» **Instructions for the task**
The expected output is each line from the one containing "cgi image of" to the last line of the data below, set down exactly, minus the pictures.

» **Available data**
________________________

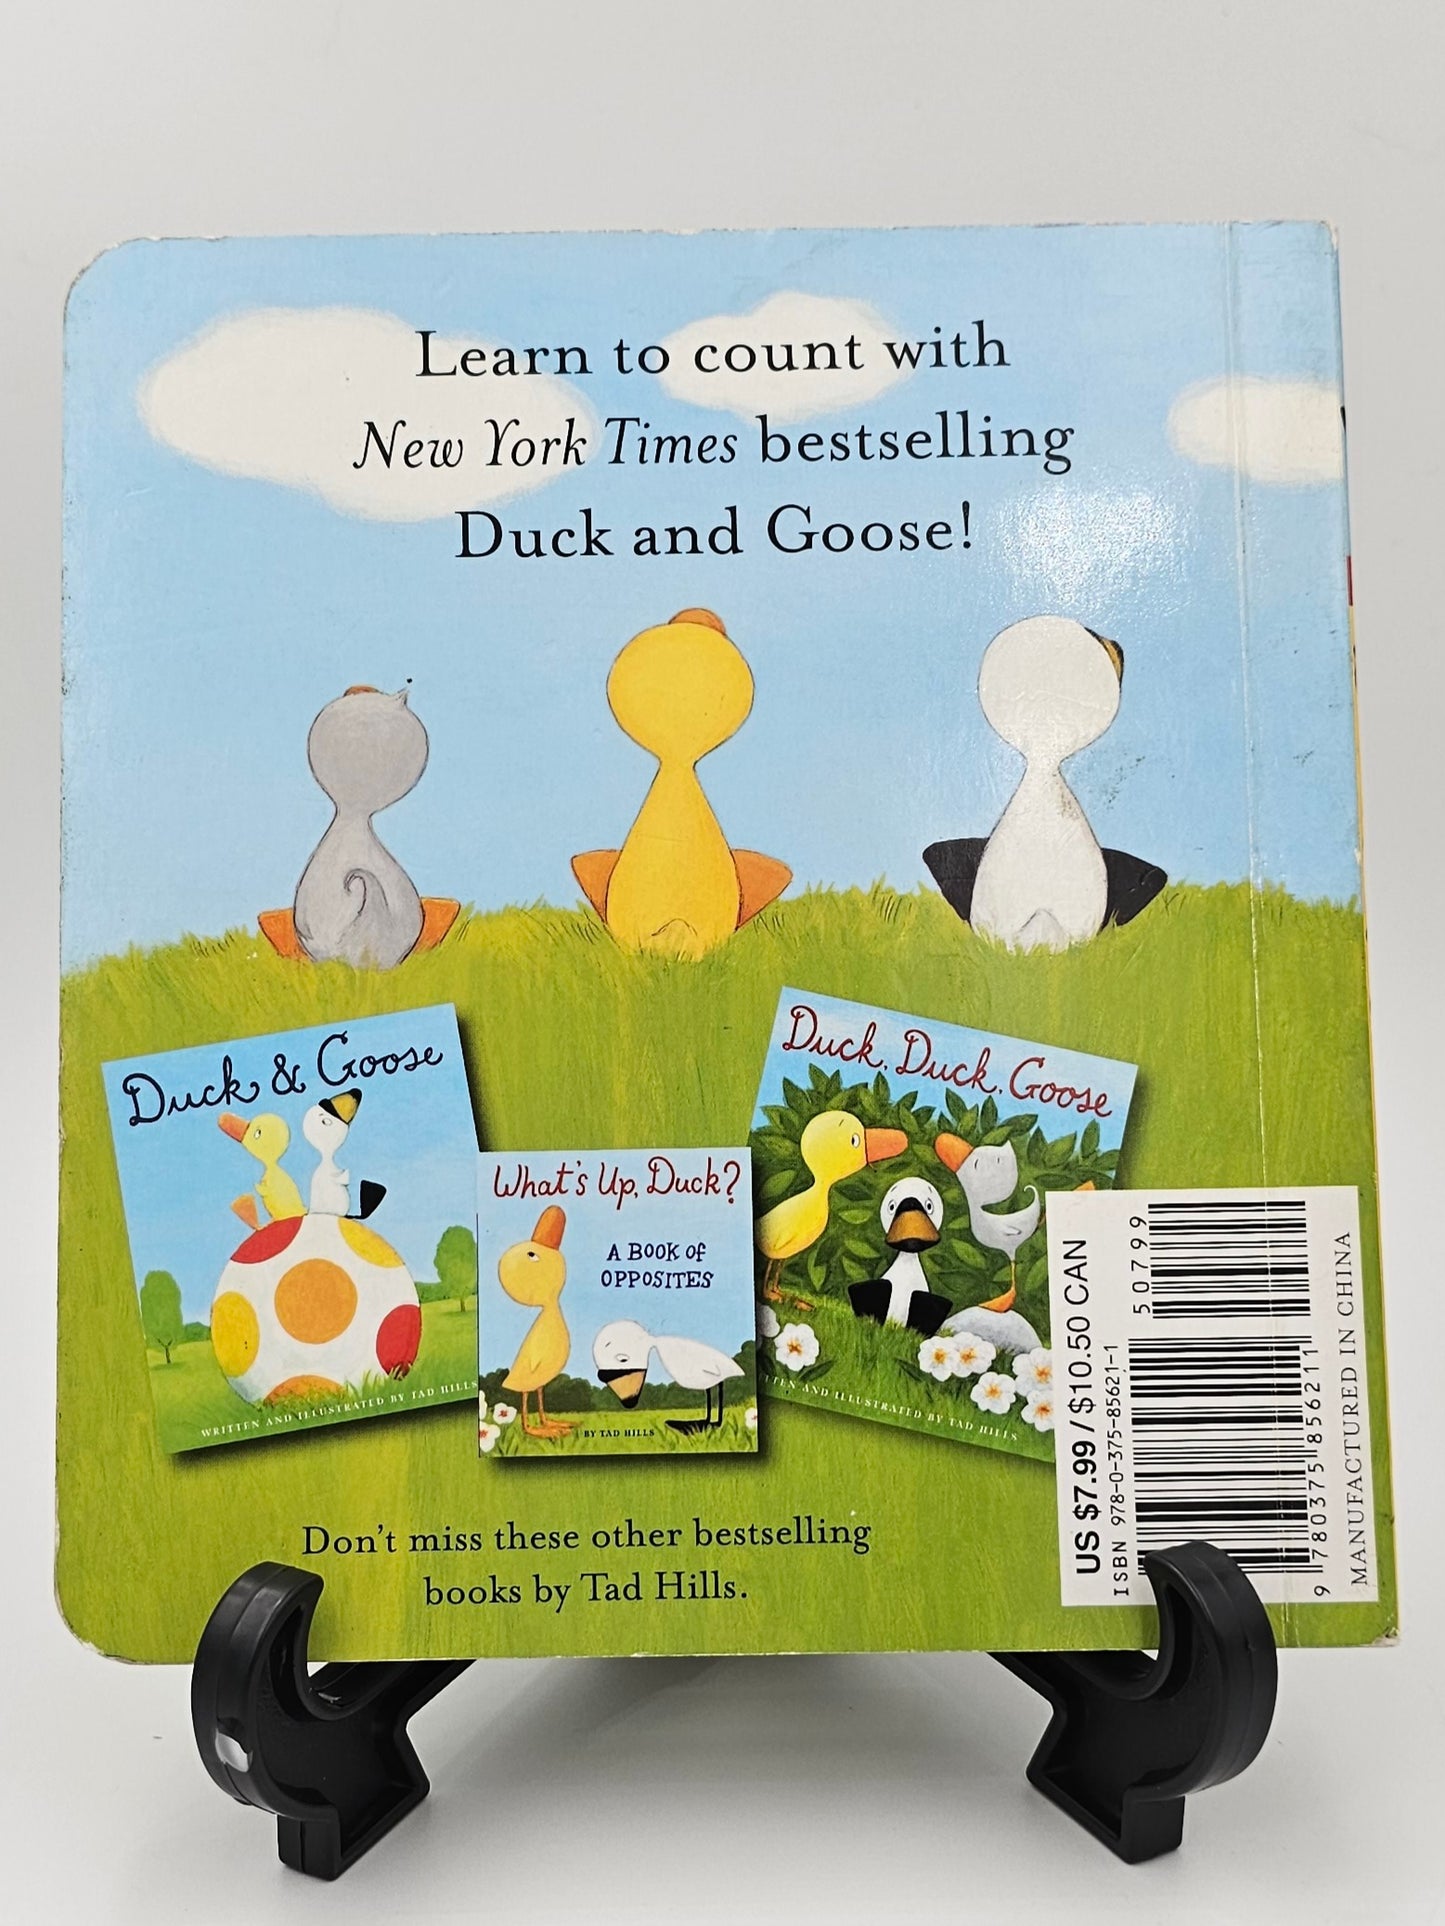 Duck and Goose 1, 2, 3 by Tad Hills (Duck & Goose Series)
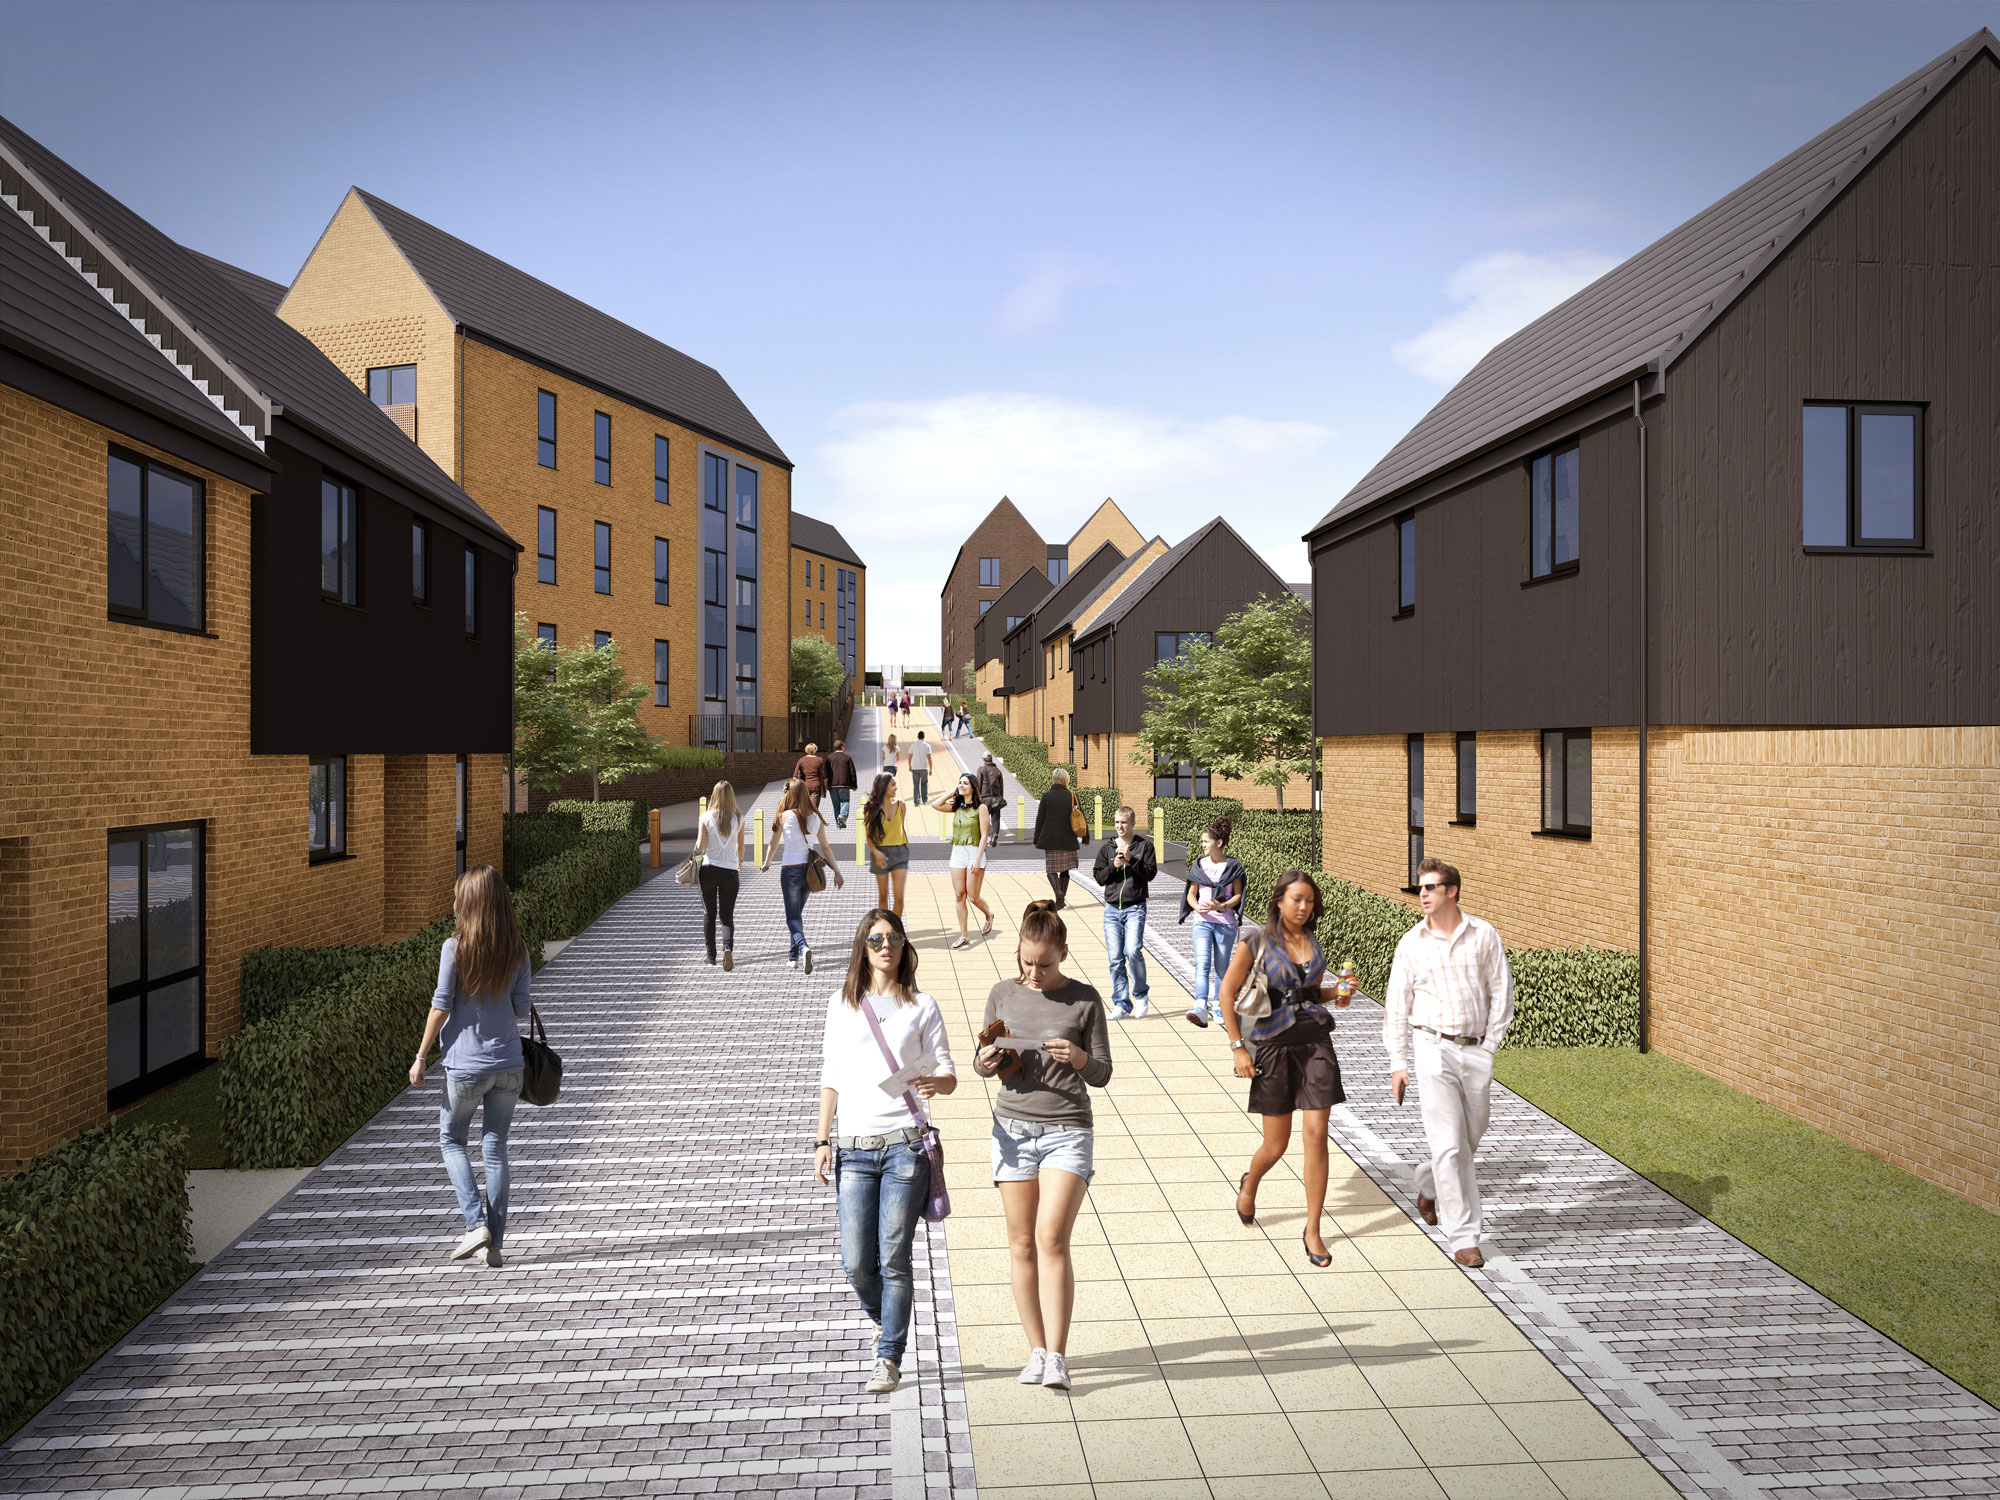 cgi image of a fortior homes development showing people walking on a newly built housing estate
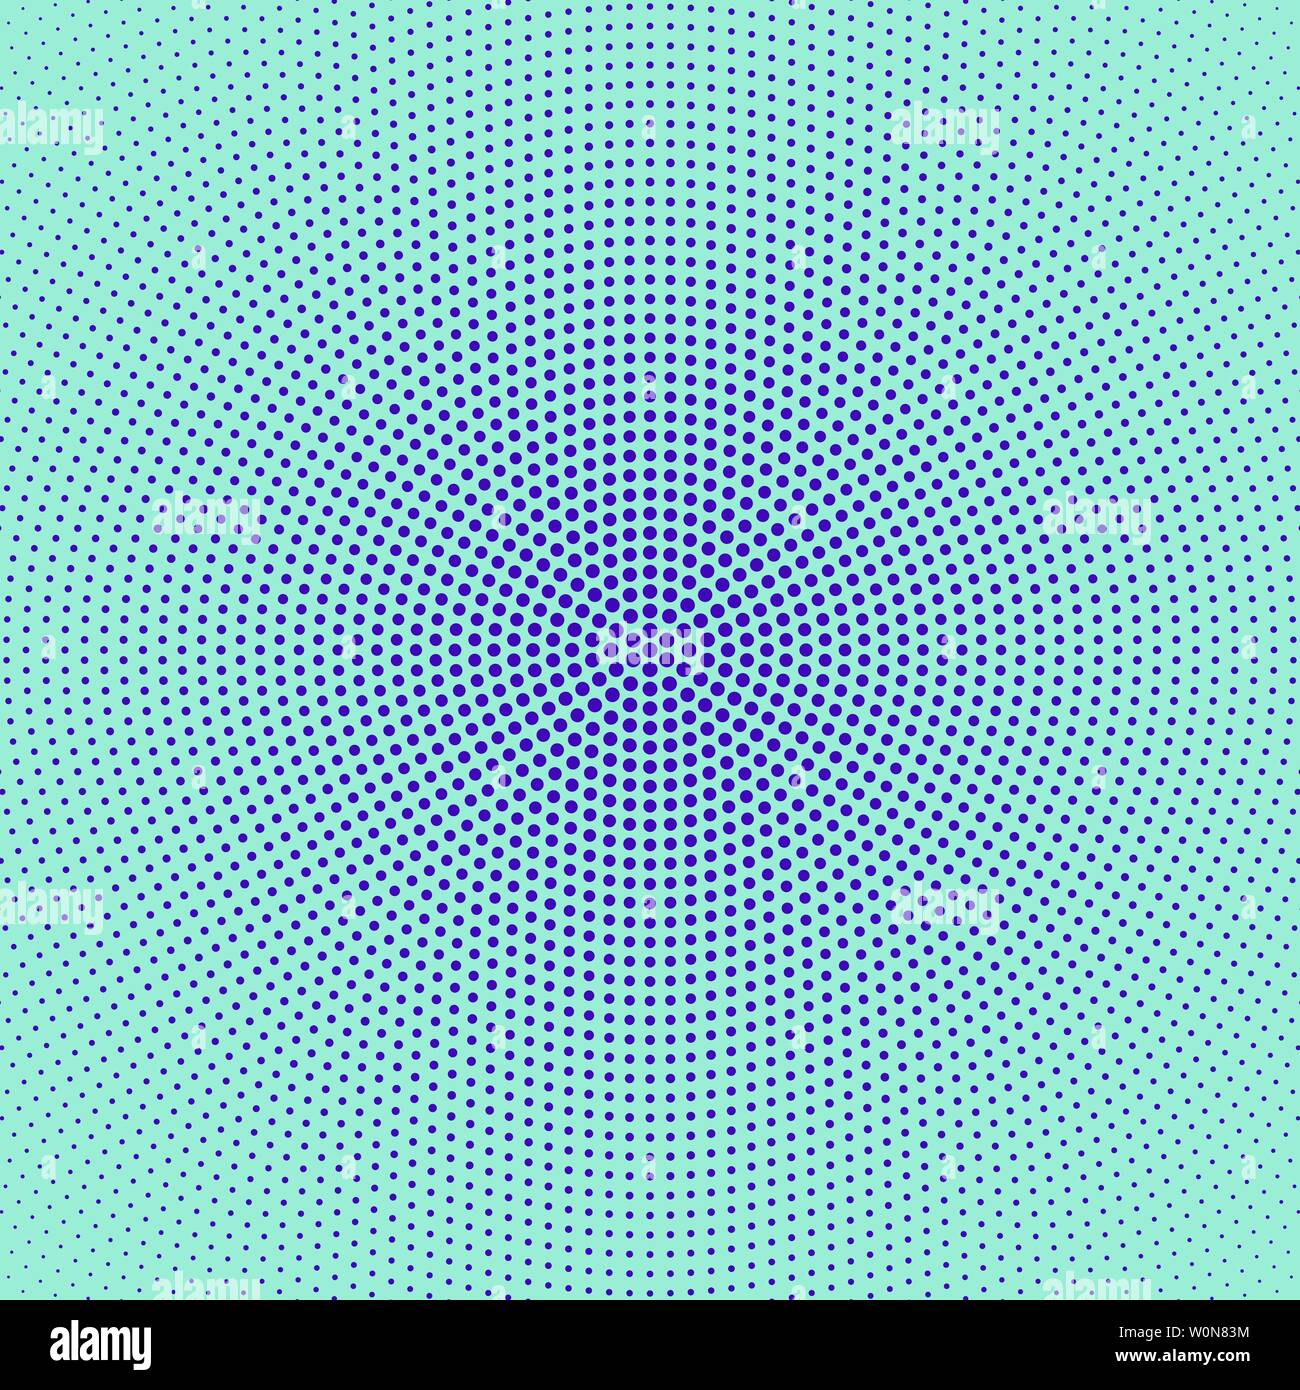 Halftone geometric circular dot pattern background - abstract vector design from dots Stock Vector

________________________

» **Task result**
 cgi image of a fortior homes development showing people walking on a newly built housing estate
 Halftone geometric circular dot pattern background - abstract vector design from dots Stock Vector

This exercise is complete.